Following WW2, the Grand Gebeily Hotel enjoyed a revival, becoming renowned for its evening entertainment – singers, concerts, ballroom dancing, tea-parties, tennis, gambling … even the garden outside was at one stage enlarged to accommodate a pool with rowing boats.
It was the golden era – Grand Hotel Gebeily was the first venue to host the incredible Egyptian artist Oum Kalthoum outside of her motherland. Farid al-Atrash and Abdel-Halim Hafez, among many famous names, performed at this illustrious location.
The restaurant served French cuisine, guests sipped champagne on the terrace, the hotel welcomed royalty and heads of state from around the world.
Once again, this success was short-lived.
Hotel Gebeily was forced to close down once again following the start of the Lebanese Civil War.
Ultimately, this took its toll and the Gebeilys sold the hotel. Repairs would have been too costly, it was no longer profitable to open continuously as in the past, and operating costs had become prohibitive. It is said that personal threats from militias forced the family to sell for a fraction of its worth.
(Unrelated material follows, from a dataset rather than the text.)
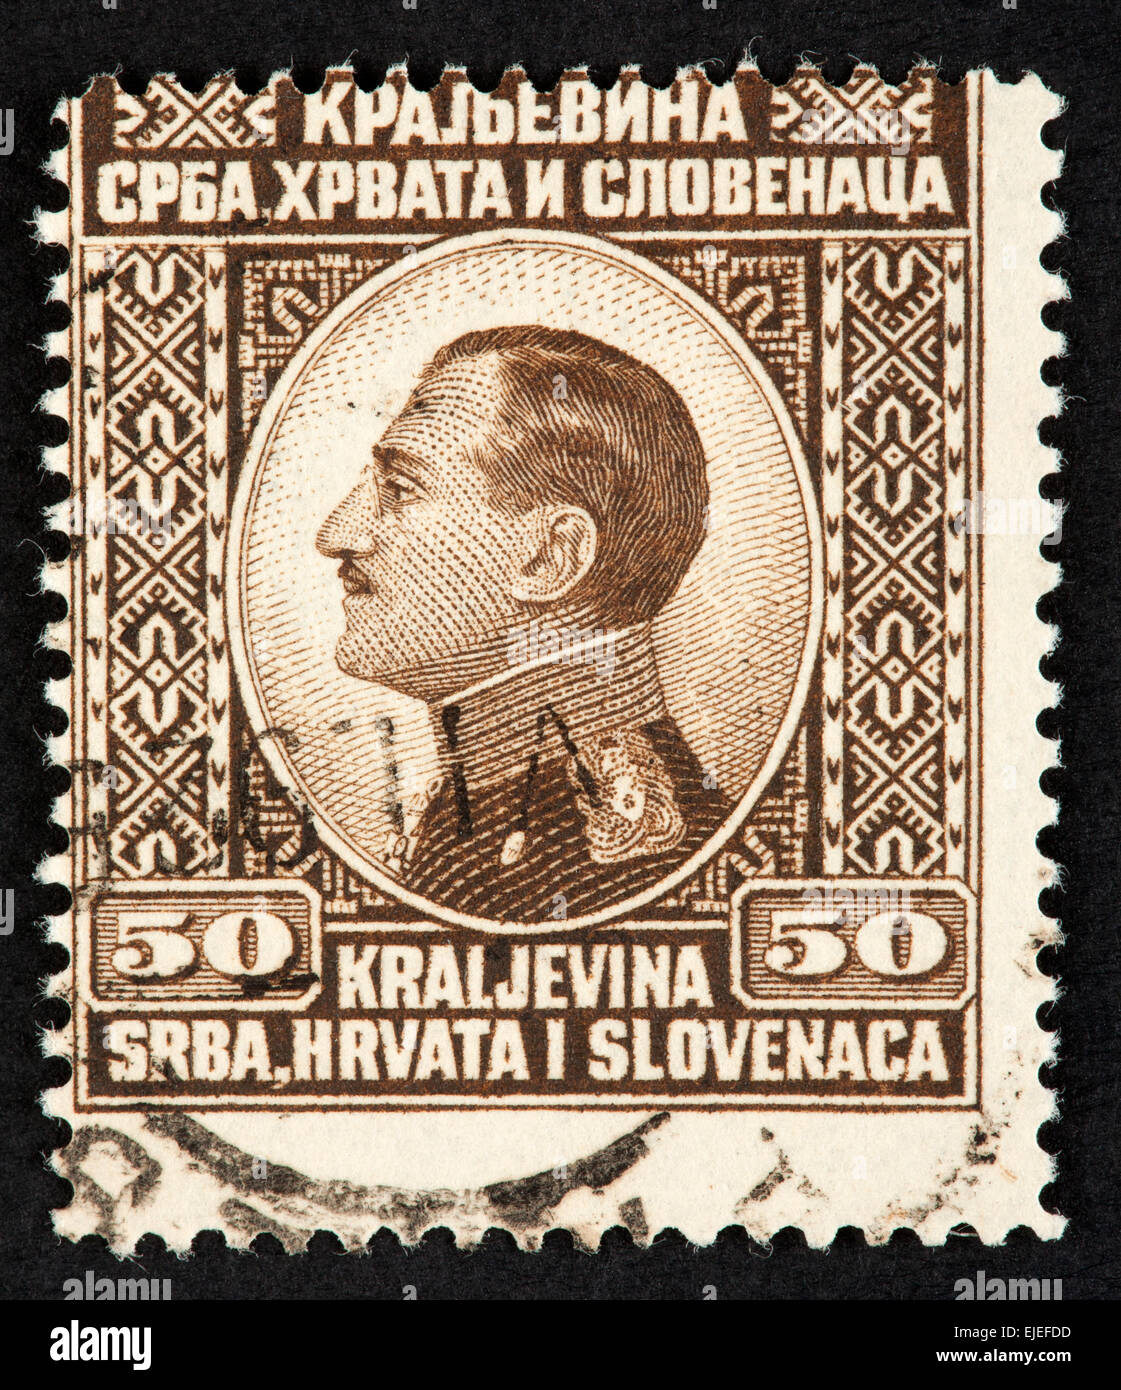 Serbo-Croatian postage stamp Stock Photo
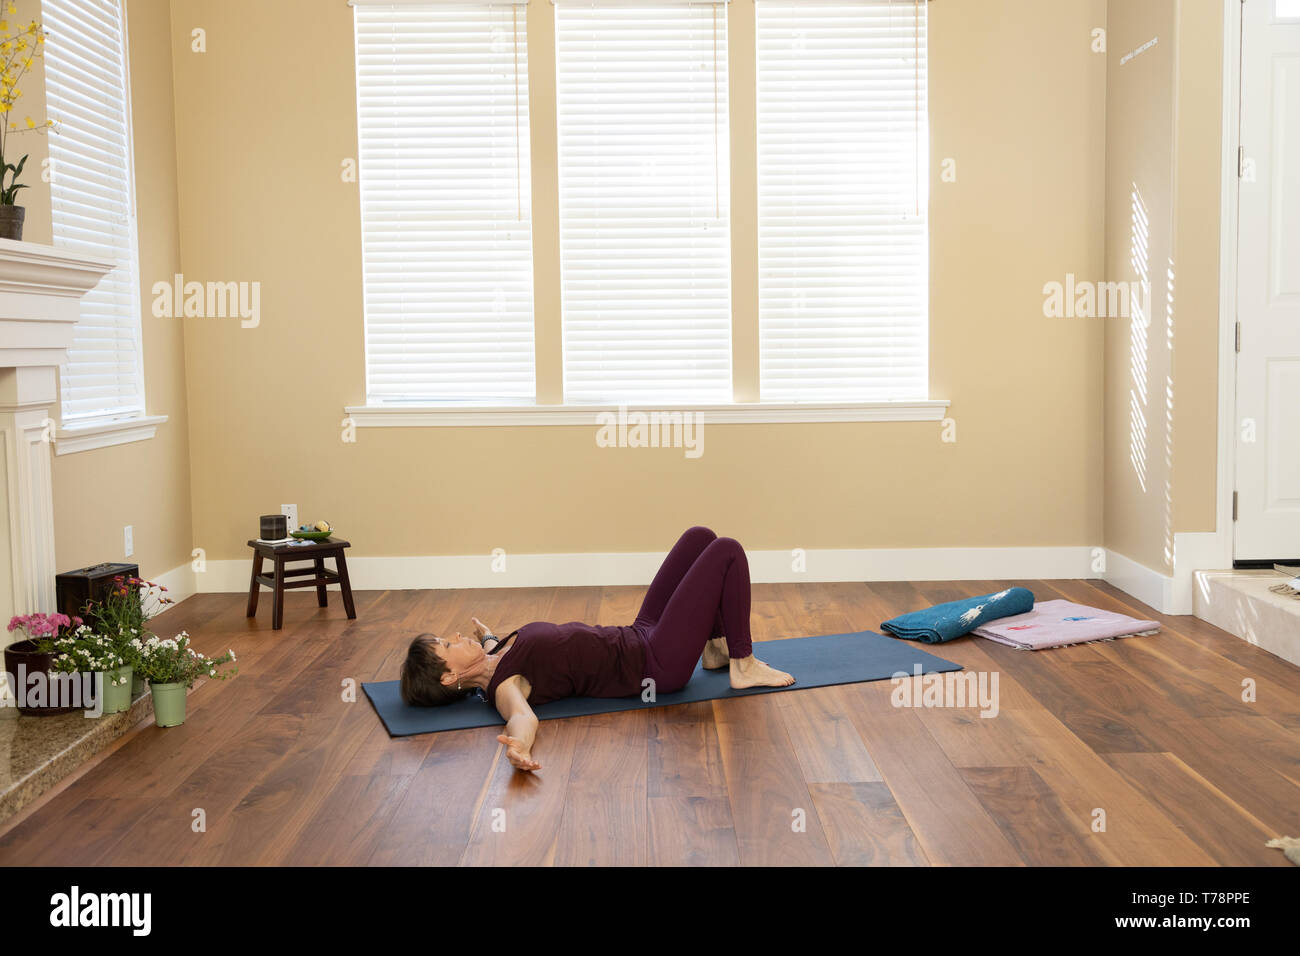 Yoga back on floor bent knees Stock Photo

Aley’s Ghraizi family bought the historic property in 1977. Strangely, they repurposed the annex of the hotel as a school, remnants of which can still be seen on the site, with colorful walls painted with flowers.
The Ghraizis, too, however were plagued by financial woes and were unable to make loan repayments. The Grand Hotel Aley was then seized by the Central Bank, and left for sale under auction for several years.
The hotel was sold to Nadim Makarem in the summer of 2016. At the time, there were rumours that the Hotel Gebeily would be restored to its former glory and re-opened – that has yet to happen, but Aley is ever hopeful of the renaissance of its famous landmark.